Entries provided |
· · · ·

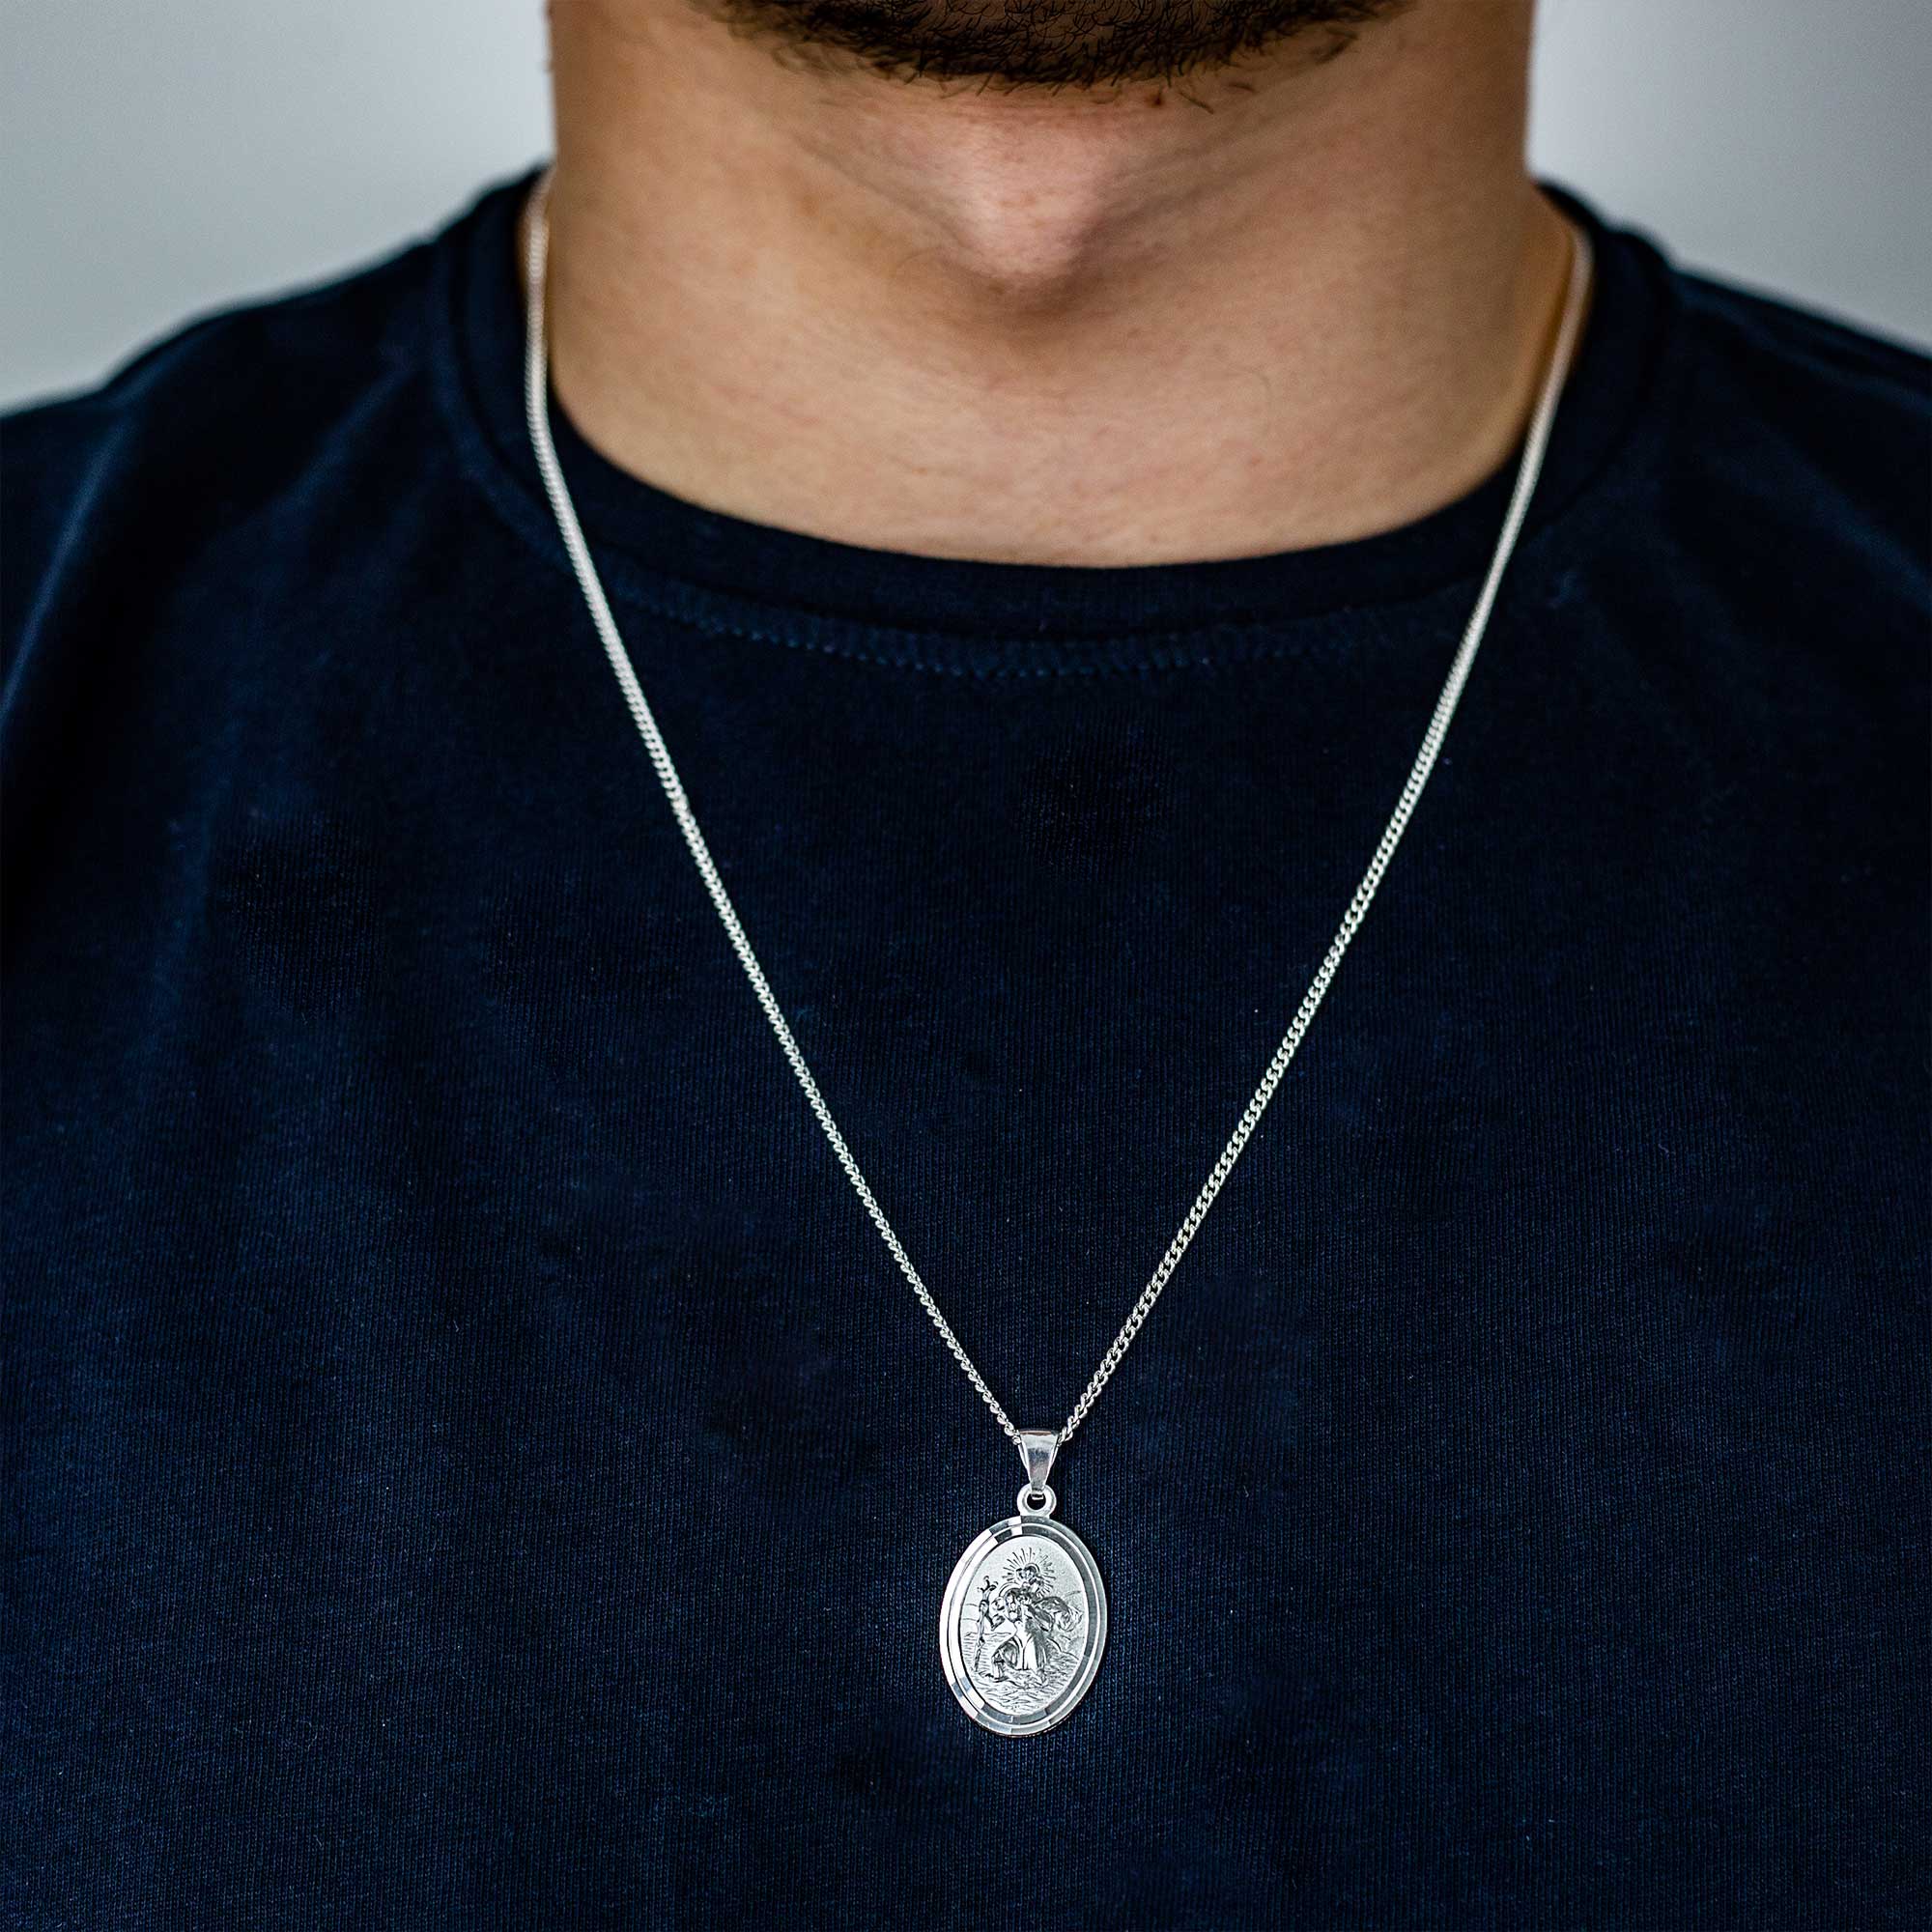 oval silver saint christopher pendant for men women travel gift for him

· · · ·

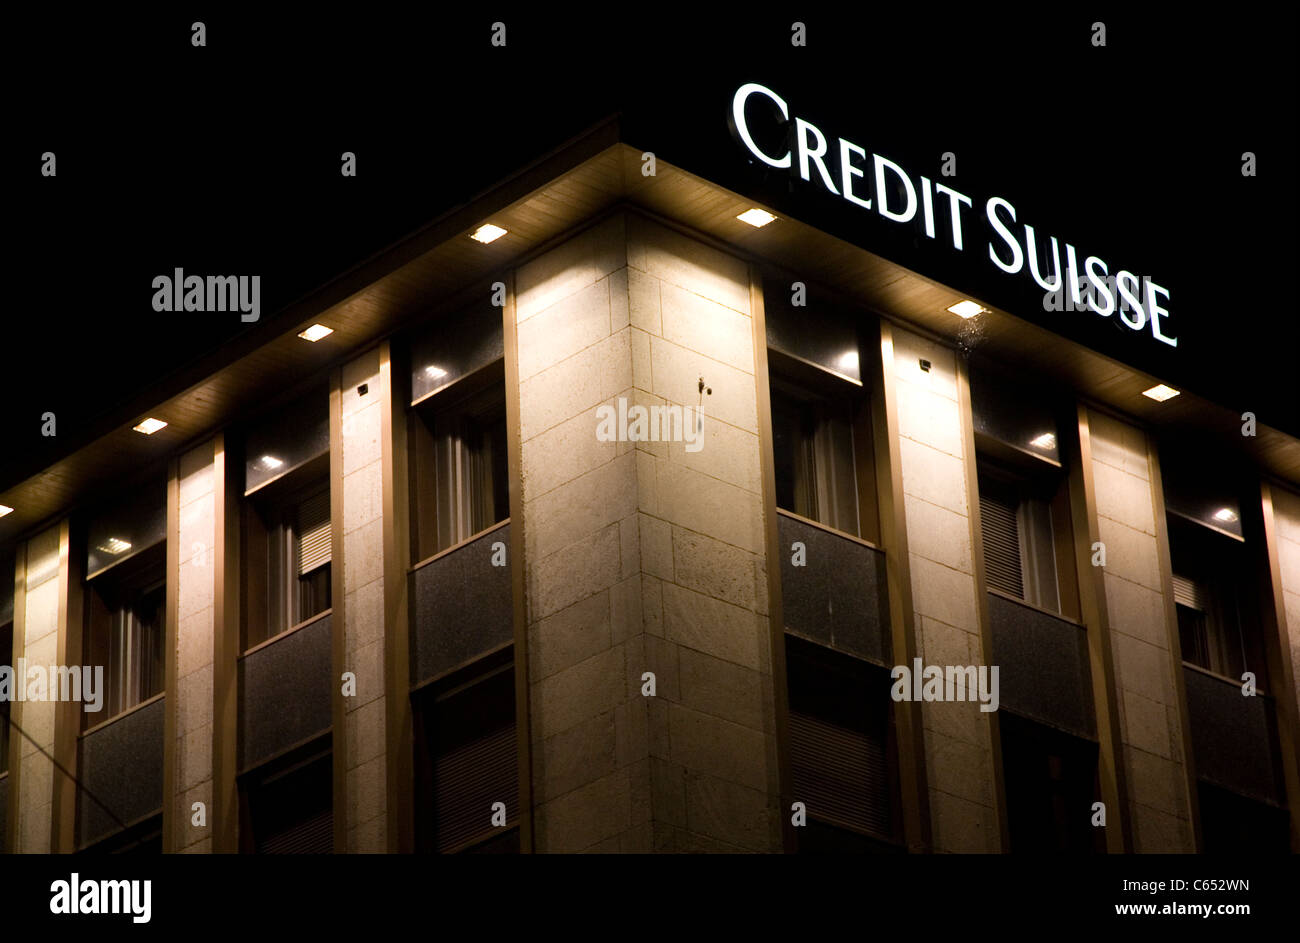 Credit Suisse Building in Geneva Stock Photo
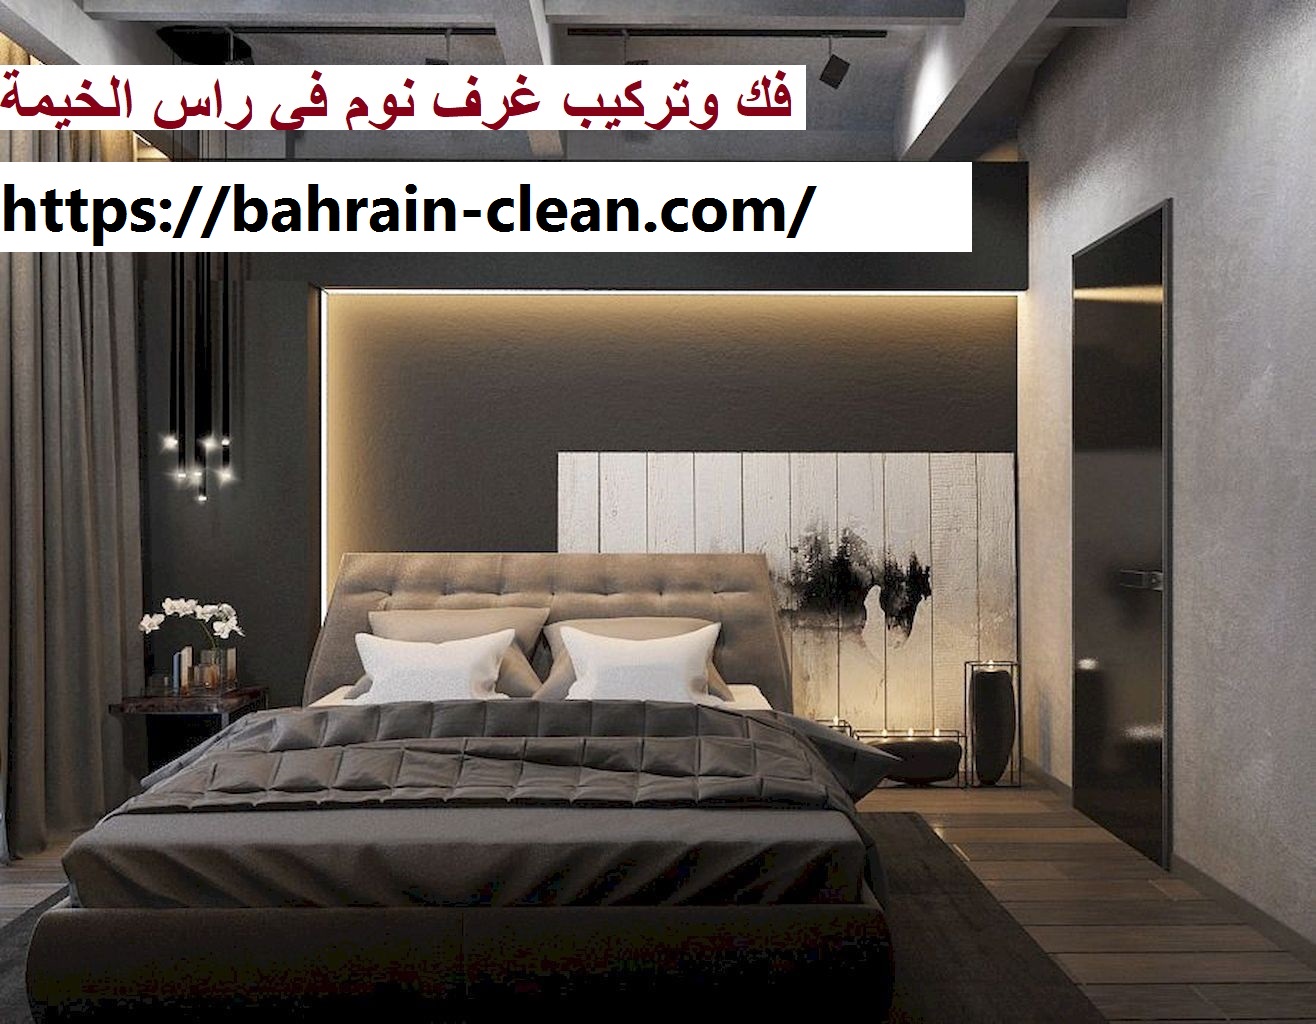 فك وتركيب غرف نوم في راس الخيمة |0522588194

· · · ·

What you return from the records above should be exactly everything from the line with "Credit Suisse Building in Geneva Stock Photo" down to the line with "فك وتركيب غرف نوم في راس الخيمة |0522588194", both kept, and no pictures.

Response to this task |
 Credit Suisse Building in Geneva Stock Photo
 فك وتركيب غرف نوم في راس الخيمة |0522588194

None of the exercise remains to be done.